Cette technique qui consiste à geler les demandes d'asile jusqu'à ce qu'un changement de régime intervienne dans le pays d'origine n'est pas neuve. Elle aboutit en pratique à ce que des personnes qui pouvaient revendiquer le statut de réfugié bénéficient tout au plus en Belgique d'un statut précaire, avant d'être finalement contraintes de quitter le territoire. Ayant ainsi tardé, le CGRA laisse planer le spectre d'un traitement collectif de ces demandes et a, quoi qu'il en soit, maintenu les demandeurs d'asile dans une situation d'insécurité juridique extrême, et ce, pendant plusieurs années.
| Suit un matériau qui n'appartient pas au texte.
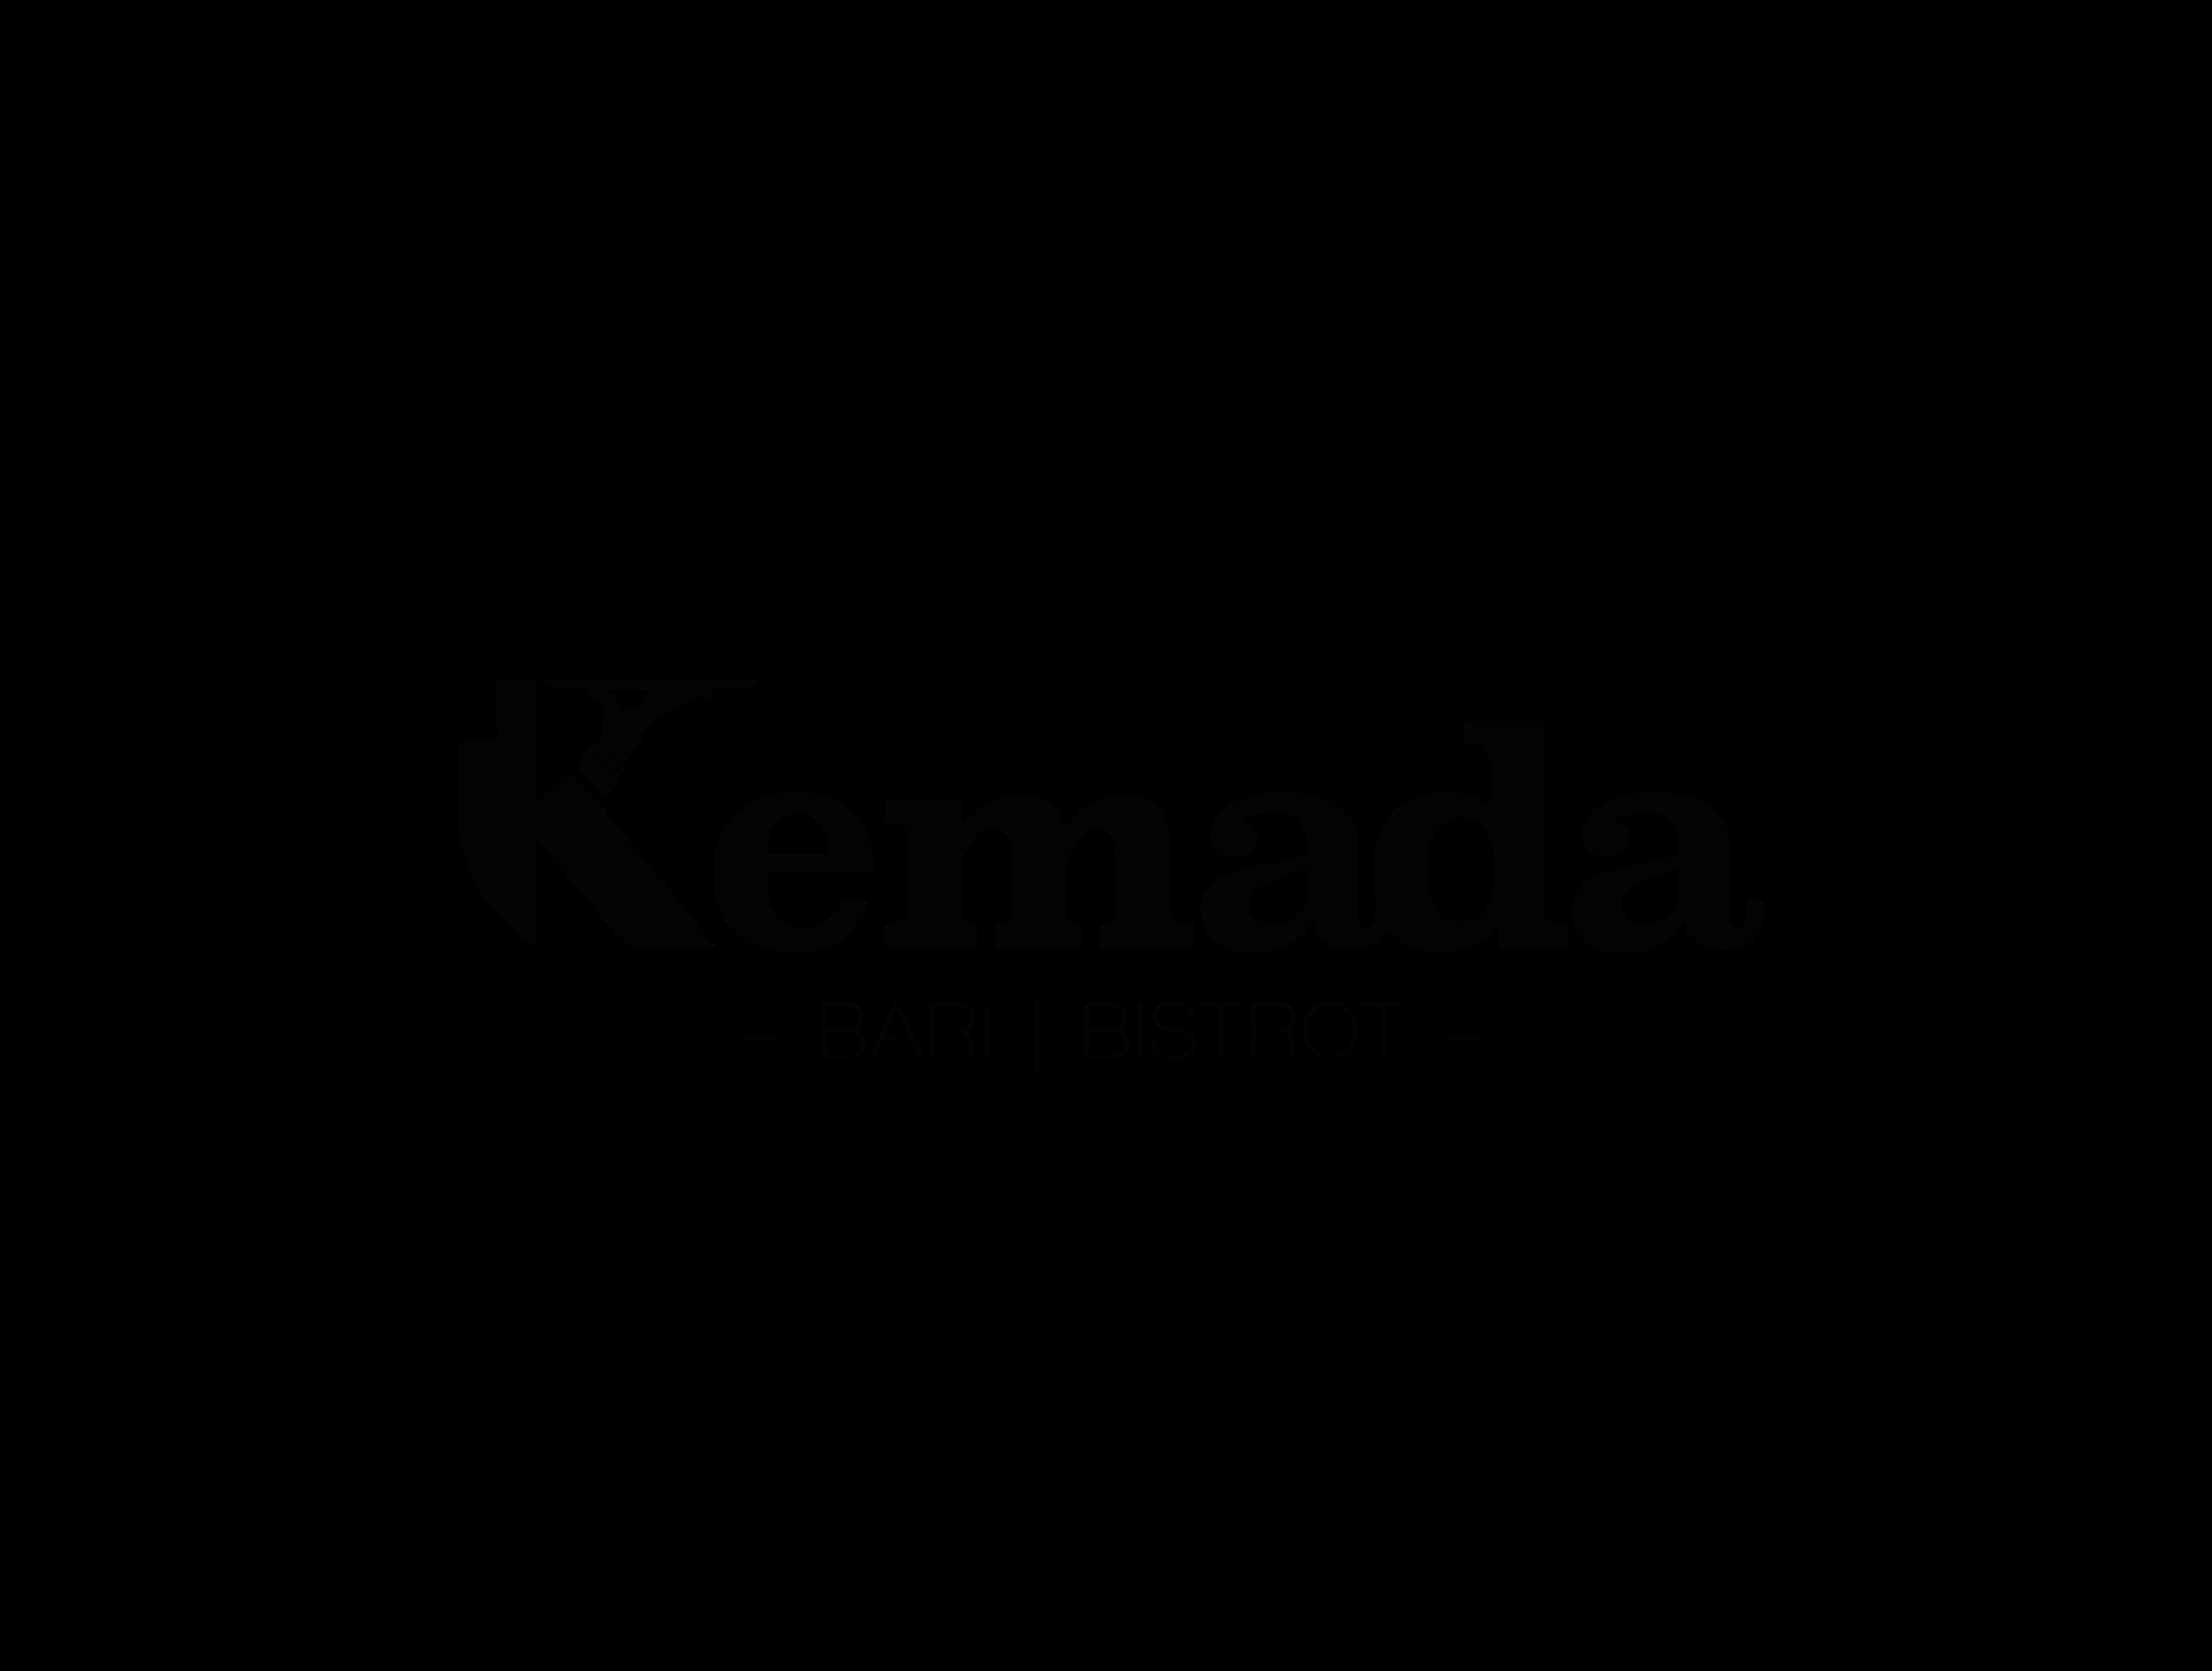 logo kemada

Plus fondamentalement, il apparaît clairement, à la lecture de rapports indépendants, que tout rapatriement vers l'Afghanistan est actuellement impossible. Les pays limitrophes de l'Afghanistan refusent d'ailleurs d'organiser ces rapatriements, craignant pour la sécurité des réfugiés qui seraient ainsi renvoyés. Alors, comment justifier que la Belgique fasse ce que d'autres pays, plus pauvres et dont le nombre de réfugiés est sans commune mesure avec celui, limité quoi qu'on en dise, que connaît notre pays, se refusent à mettre en oeuvre?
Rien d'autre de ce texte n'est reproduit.